Por su parte, el Tribunal Administrativo de Risaralda conoció de la acción de tutela, y en providencia del 12 de febrero de 2020, falló declarándola improcedente, en razón a que la parte demandante no hizo uso de todos los mecanismos ordinarios y extraordinarios de defensa judicial entendiendo que lo controvertido era el auto por medio del cual se rechazó la demanda. 5.3.8.

Contra la anterior decisión la parte actora presentó impugnación alegando que la sentencia del Juzgador de Primera Instancia privilegió los defectos procesales por encima de la violación a derechos fundamentales y que no consideró la existencia de un inminente perjuicio irremediable como razón suficiente para decretar medidas cautelares. 4.

Planteamiento De todo lo expuesto, se advierte en primera medida que las partes discrepan del objeto respecto del cual se pretende la protección constitucional, en tanto que la parte actora predica la vulneración del auto por medio del cual se inadmitió la demanda formulada en ejercicio de la acción popular y del proveído que resolvió el recurso de reposición, mientras que el a quo lo refiere del que rechazó la citada demanda.

Deviene de lo dicho la necesidad de definir ese preciso tópico de modo que se verifique si se cumplió con el requisito de subsidariedad y por demás, con los restantes requisitos generales de procedencia. En consideración a los argumentos propuestos, la Sala a continuación los aboradará en el orden planetado: 5. Objeto del proceso Del examen de los hechos y argumentos que plantea la actora en su demanda y en la impugnación se desprende que la misma busca que se ampare su derecho de acceso a la administración de justicia, debido proceso, petición e igualdad que estima vulnerados por virtud de una decisión judicial mediante la cual le fue inadmitida la demanda que impetró en ejercicio del medio de control previsto en el artículo 144 del CPACA, por no haber acreditado el requisito de procedibilidad relacionado con la reclamación previa administrativa prevista en el numeral 4 del artículo 161 del CPACA.

Así pues, pone de presente la Sala que el Tribunal erró al entender que la controversia se planteaba en consideración a la decisión de rechazo de la demanda, siendo entonces igualmente equivocado el análisis de procedencia de la tutela contra la citada providencia, pues para el momento en que se interpuso la demanda ni siquiera se había producido esa decisión, lo cual conduce a analizar el asunto a la luz de lo realmente deprecado por la accionante y de los requisitos de procedencia ya descritos anteriormente. 6.

Requisitos generales de procedibilidad de la acción de tutela contra providencias judiciales De acuerdo con los parámetros planteados en la jurisprudencia de la Corte Constitucional y desarrollados por esta Corporación, se procederá a verificar el cumplimiento de los requisitos generales de procedencia de la acción de tutela contra providencias judiciales, así: 1.

La relevancia constitucional 5.6.1.1. La Corte Constitucional ha sostenido que los asuntos sometidos al juez de tutela deben ser constitucionalmente relevantes; es decir, el debate que se plantea en la demanda debe versar respecto de derechos fundamentales. En ese sentido, se indicó en la sentencia C-590 de 2005: “Que el asunto sometido a estudio del juez de tutela tenga relevancia constitucional, es decir, que plantee una confrontación de la situación suscitada por la parte accionada con derechos de carácter constitucional fundamental, por cuanto los debates de orden exclusivamente legal son ajenos a esta acción pública.”[13] (Subrayas de la Sala).

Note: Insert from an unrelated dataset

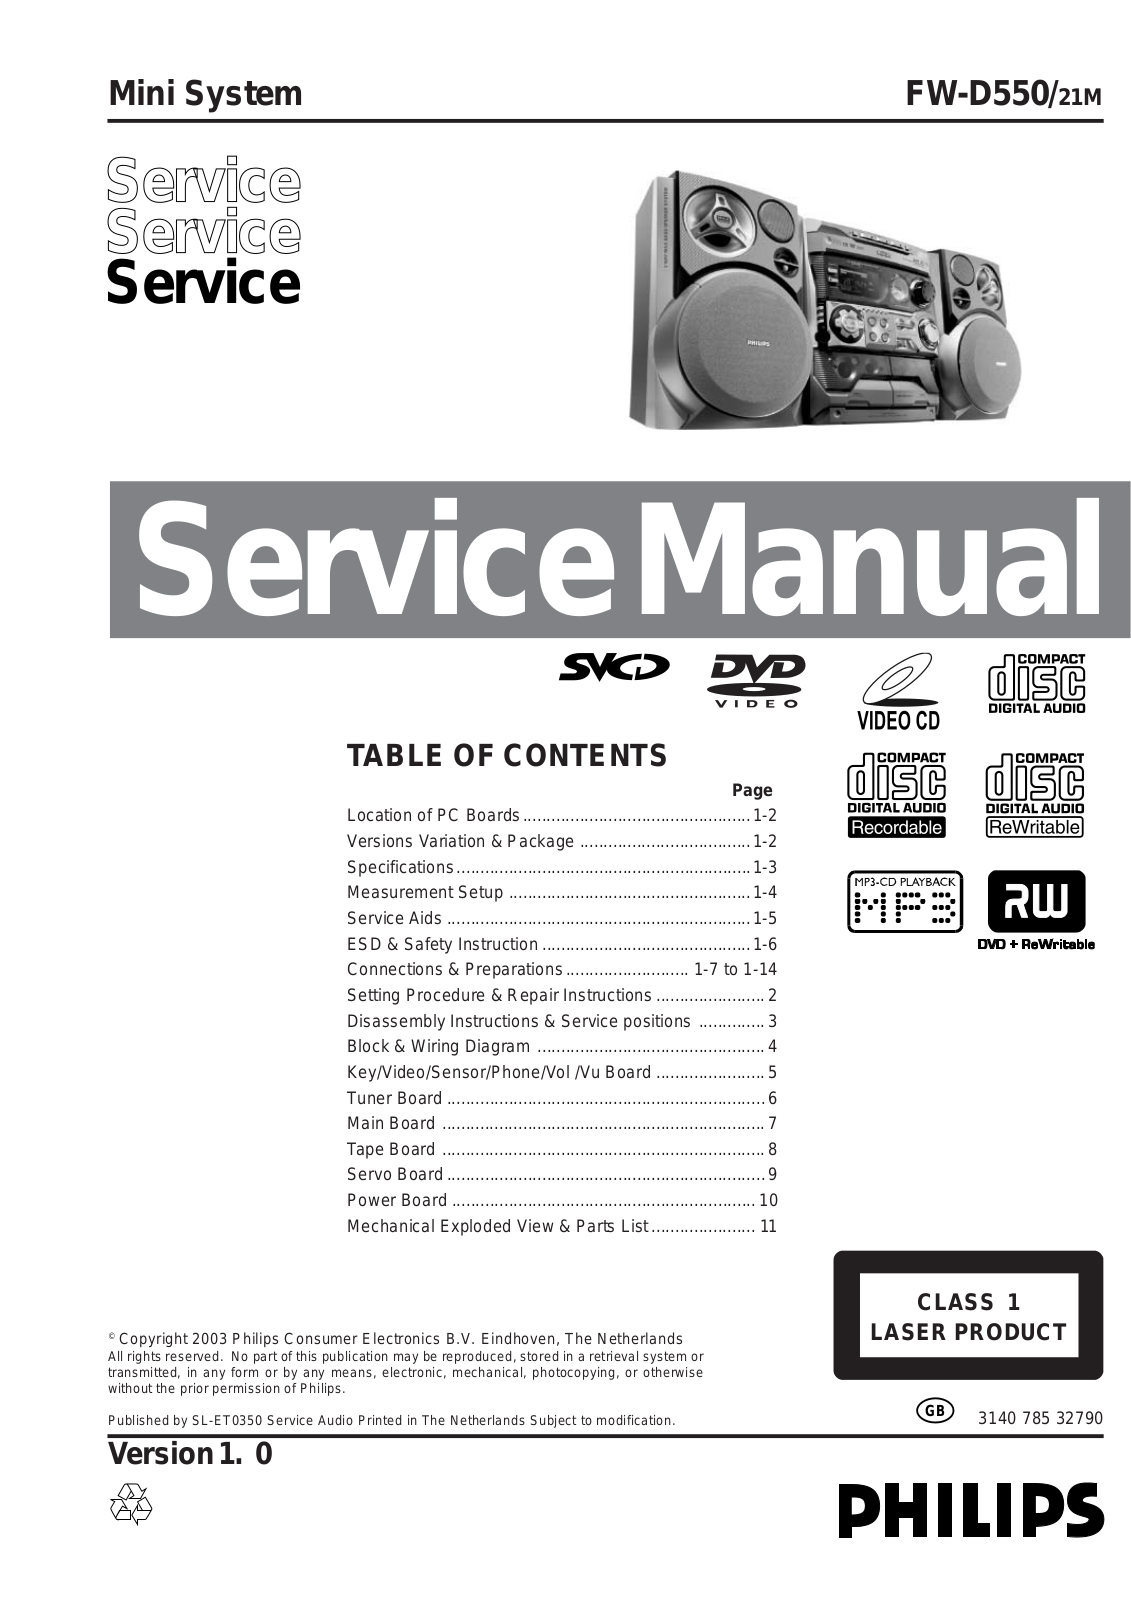 Philips FWD-550 Service manual

De lo anterior se colige que al juez constitucional únicamente le está permitido estudiar cuestiones que cuenten con una clara importancia constitucional; ello, con el fin de impedir que éste se inmiscuya en materias propias de otras jurisdicciones, lo que desbordaría el ámbito de aplicación de la acción de tutela. Así las cosas, al analizar la procedencia, el primer punto que debe abordar el juez será el de examinar si el asunto puesto a su consideración se encuentra revestido de relevancia constitucional, determinando la razón por la cual esa situación afecta realmente los derechos fundamentales de las partes.

Al respecto la Corte Constitucional ha sostenido[14]: “Frente a la exigencia de que lo discutido sea de evidente relevancia constitucional, esta Corte ha dicho que obedece al respeto por la órbita de acción tanto de los jueces constitucionales, como de los de las demás jurisdicciones. Debe el juez de tutela argumentar clara y expresamente por qué el asunto puesto a su consideración es realmente una cuestión de relevancia constitucional, que afecta los derechos fundamentales de las partes.” (Subrayas de la Sala).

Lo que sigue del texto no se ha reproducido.